Gros cadeaux et petits arrangements : trois affaires distinctes
Après plus de deux ans d'enquête, la justice a trois dossiers sur le feu concernant Benjamin Netanyahou. Le plus récent, dont le nom de code est "dossier 4.000", est aussi le plus récent. Il concerne les liens du Premier ministre israélien avec Bezeq, le plus grand groupe israélien de télécommunications. Au cœur de l'enquête : la fusion entre Bezeq et le fournisseur de télévision par satellite Yes effectuée en 2015 et qui nécessitait l'aval des autorités de contrôle.
À l'époque, Benjamin Netanyahou, qui a l'habitude de cumuler les postes au sein d'un même gouvernement - Premier ministre, il est aussi actuellement ministre de la Défense, de la Santé et était jusqu'au mois dernier encore ministre des Affaires étrangères - disposait du porte-feuille des télécommunications. Cette fusion Bezeq-Yes aurait rapporté des millions de dollars au groupe de télécommunications. En contrepartie, Benjamin Netanyahou aurait bénéficié d'une couverture complaisante de la part du site Internet Walla, propriété de Shaul Elovitch, alors principal actionnaire de Bezeq. Le Premier ministre se défend en indiquant que la fusion avait été validée par les autorités de contrôle comme étant pertinente.

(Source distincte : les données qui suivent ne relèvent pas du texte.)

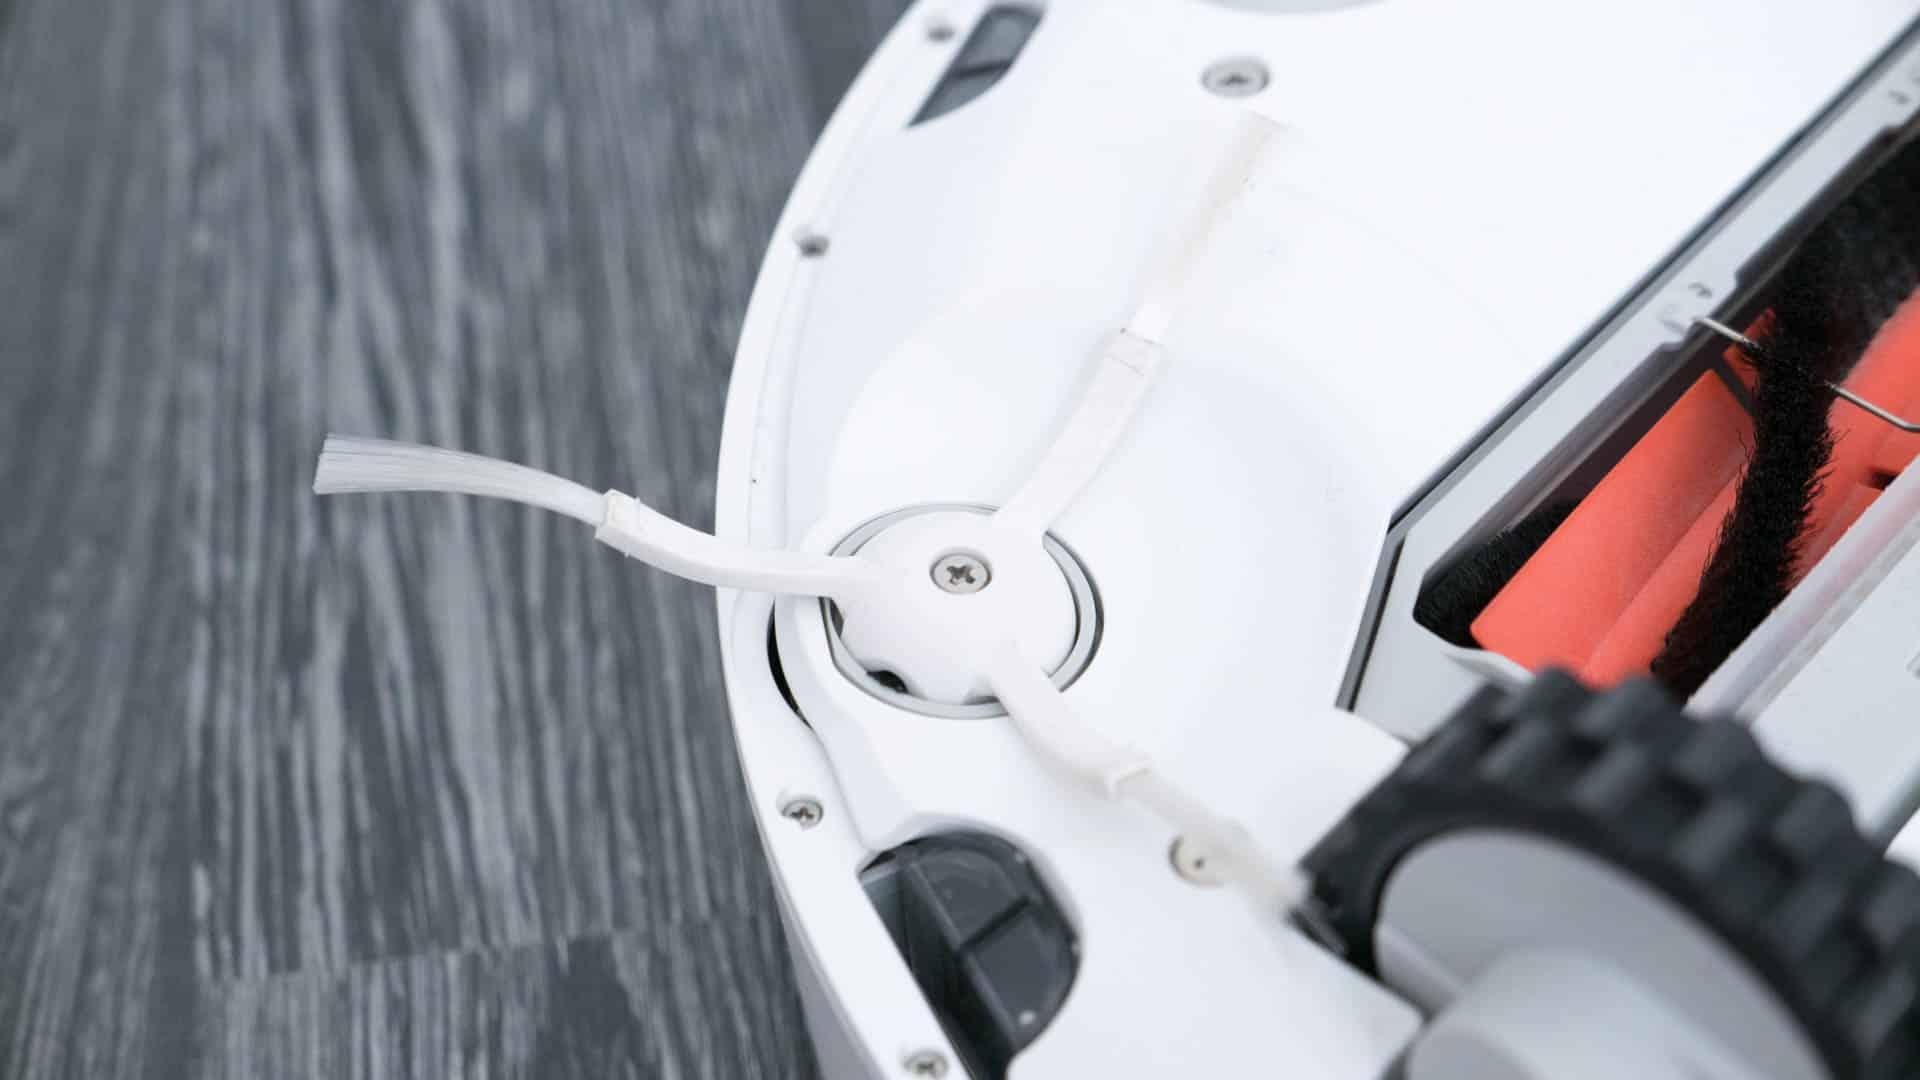 Xiaomi-Mi-Staubsauger-Roboter-im-Test-3er-Bürste-unten

La deuxième affaire repose sur les mêmes ressorts. Dans le "dossier 2.000", les enquêteurs suspectent Benjamin Netanyahou d'avoir tenté de conclure avec le propriétaire du journal Yediot Aharonot, Arnon Moses, un accord pour une couverture plus favorable de la part de ce qui est le plus grand quotidien israélien payant. En retour, le chef du gouvernement aurait évoqué avec Arnon Moses la possibilité de faire voter une loi qui aurait limité la diffusion d'Israel Hayom, un quotidien gratuit (dont vous pouvez voir la Une de vendredi ci-dessous), principal concurrent du Yediot…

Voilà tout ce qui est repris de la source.